▶ [What this task involves] Print this span of the material below exactly: the line with "Cynthia Rowley Gigi", the line with "Vintage Embroidered Denver", and every line between them, but nothing else.

(Beginning of Supplied material)

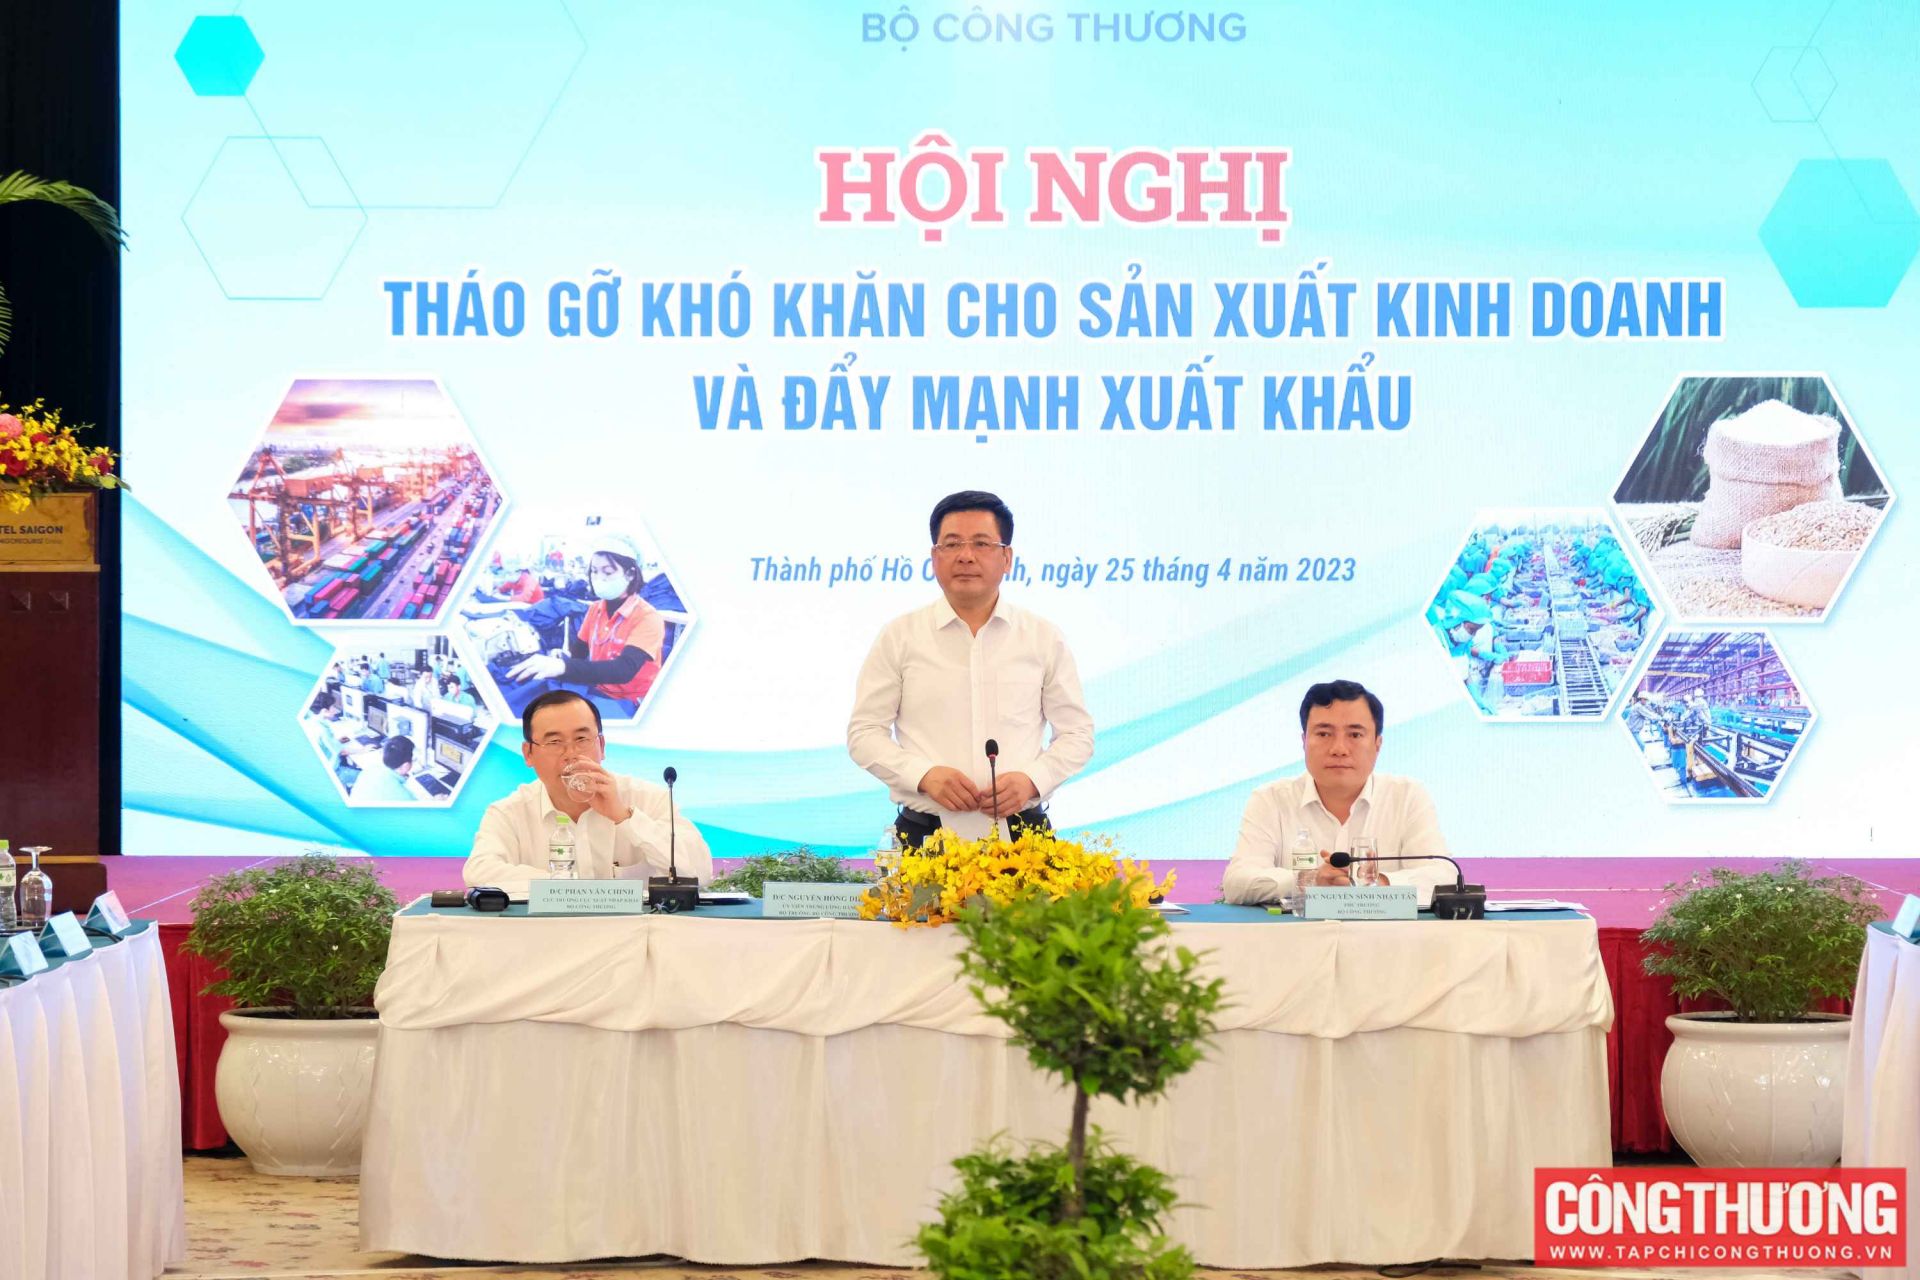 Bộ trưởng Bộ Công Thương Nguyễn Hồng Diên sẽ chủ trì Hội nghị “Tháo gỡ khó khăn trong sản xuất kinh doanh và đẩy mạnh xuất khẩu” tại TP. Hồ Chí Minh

(End of Supplied material)
(Beginning of Supplied material)

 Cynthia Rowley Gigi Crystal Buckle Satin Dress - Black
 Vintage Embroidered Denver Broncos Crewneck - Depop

(End of Supplied material)

▶ [Answer to this exercise]
 Cynthia Rowley Gigi Crystal Buckle Satin Dress - Black
 Vintage Embroidered Denver Broncos Crewneck - Depop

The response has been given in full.